Groups | Search | Server Info | Keyboard shortcuts | Login | Register [http] [https] [nntp] [nntps]


Groups > comp.lang.python > #87023

Re: Newbie question about text encoding

From random832@fastmail.us
Subject Re: Newbie question about text encoding
Date 2015-03-06 09:03 -0500
References (20 earlier) <mailman.88.1425619223.21433.python-list@python.org> <01dd9b83-db3e-4e7d-9022-dc6af75eb570@googlegroups.com> <d01a4428-d691-4620-88ba-076360366cff@googlegroups.com> <1425648780.3358976.236451377.1ED1534A@webmail.messagingengine.com> <CAPTjJmpwRVWQQgaA7we=8fzw1ROpq-BG40i1jNt90f-KYAxR8A@mail.gmail.com>
Newsgroups comp.lang.python
Message-ID <mailman.111.1425650593.21433.python-list@python.org> (permalink)

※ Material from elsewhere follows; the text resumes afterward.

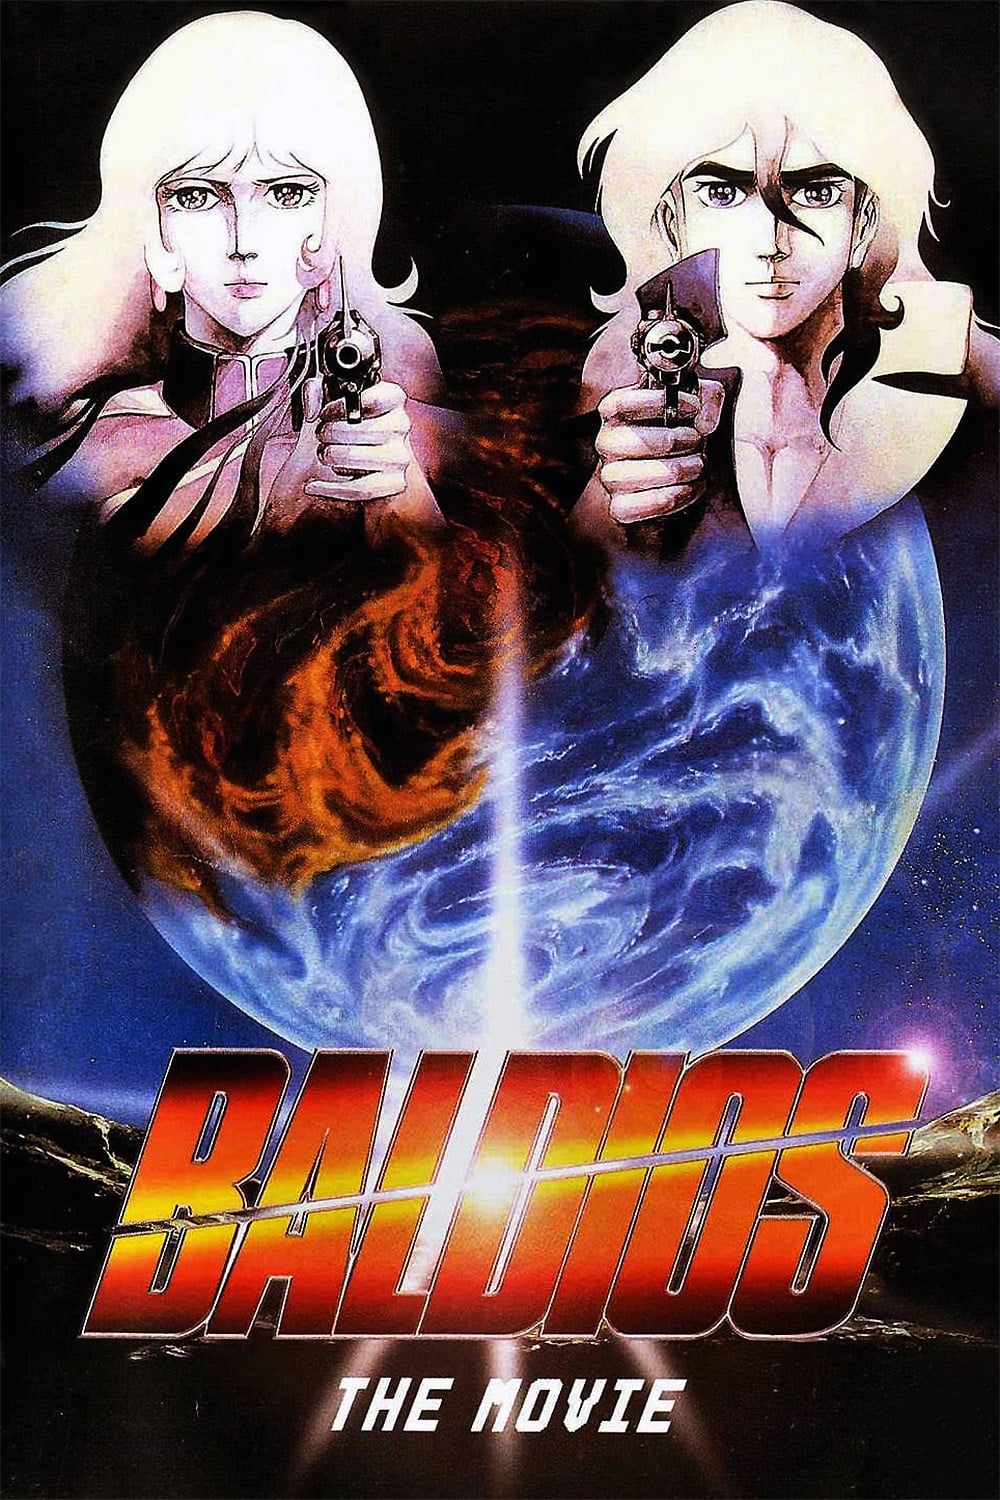 Baldios: Guerreros del espacio (1981)

Show all headers | View raw


On Fri, Mar 6, 2015, at 08:39, Chris Angelico wrote:
> Number of code points is the most logical way to length-limit
> something. If you want to allow users to set their display names but
> not to make arbitrarily long ones, limiting them to X code points is
> the safest way (and preferably do an NFC or NFD normalization before
> counting, for consistency);

Why are you length-limiting it? Storage space? Limit it in whatever
encoding they're stored in. Why are combining marks "pathological" but
surrogate characters not? Display space? Limit it by columns. If you're
going to allow a Japanese user's name to be twice as wide, you've got a
problem when you go to display it.

> this means you disallow pathological cases
> where every base character has innumerable combining marks added.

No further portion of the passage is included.